TASK DIRECTIONS: When you reach the line that contains "Bakadi Fabric 3" in the data below, start reproducing lines exactly, and stop after the line that contains "P20-Fernando-Men's bag cum".

RECORDS FOR PROCESSING:
******************************

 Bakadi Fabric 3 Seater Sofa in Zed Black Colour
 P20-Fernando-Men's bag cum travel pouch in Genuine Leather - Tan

******************************

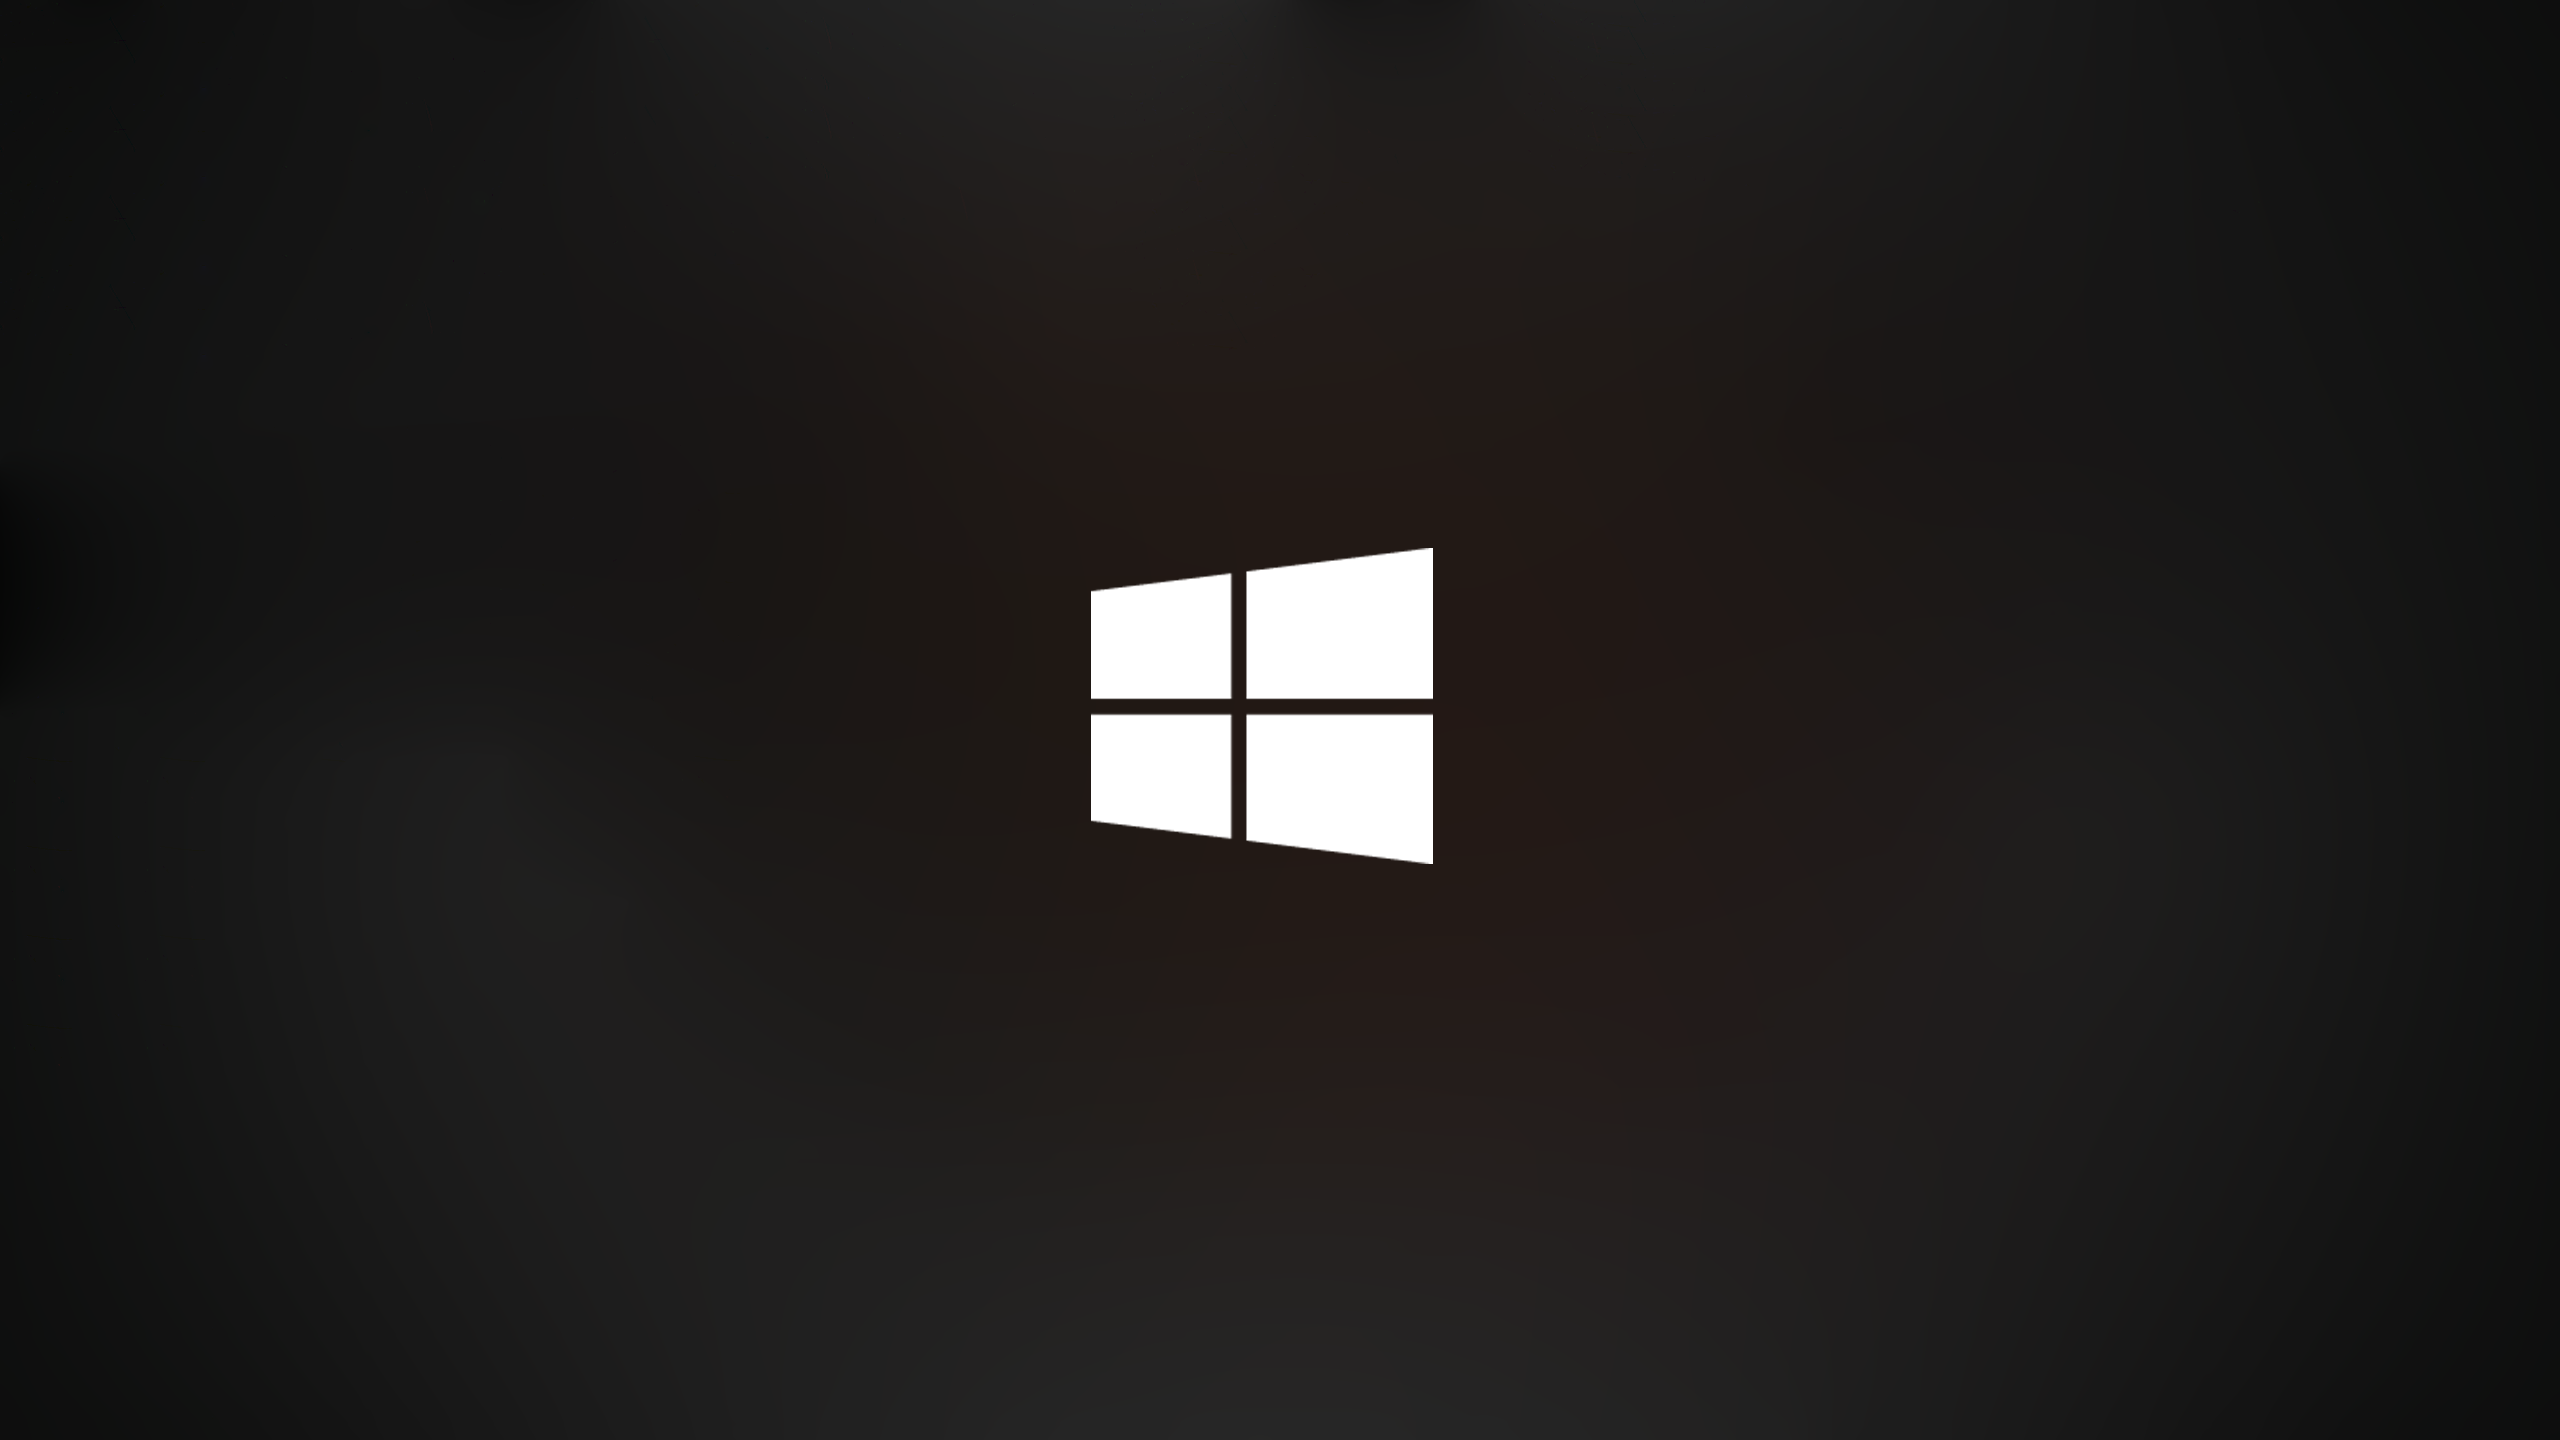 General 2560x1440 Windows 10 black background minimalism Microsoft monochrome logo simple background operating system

******************************

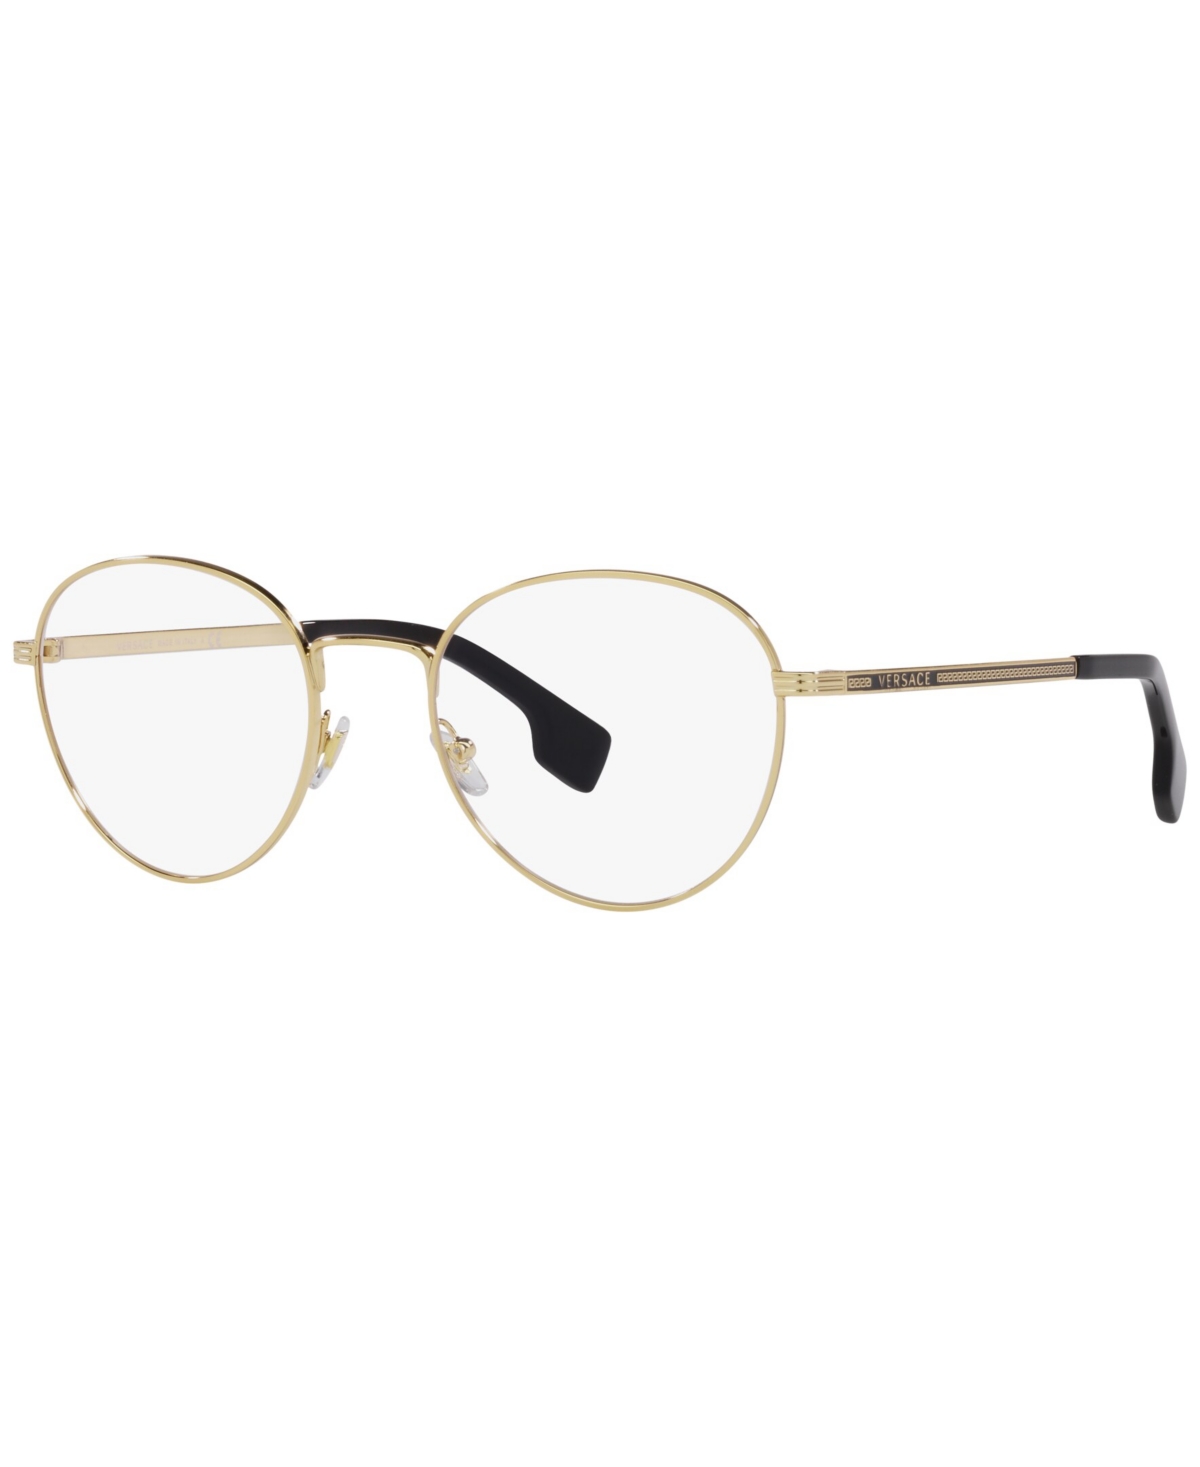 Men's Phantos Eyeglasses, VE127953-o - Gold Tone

******************************

RESPONSE TO THE EXERCISE:
 Bakadi Fabric 3 Seater Sofa in Zed Black Colour
 P20-Fernando-Men's bag cum travel pouch in Genuine Leather - Tan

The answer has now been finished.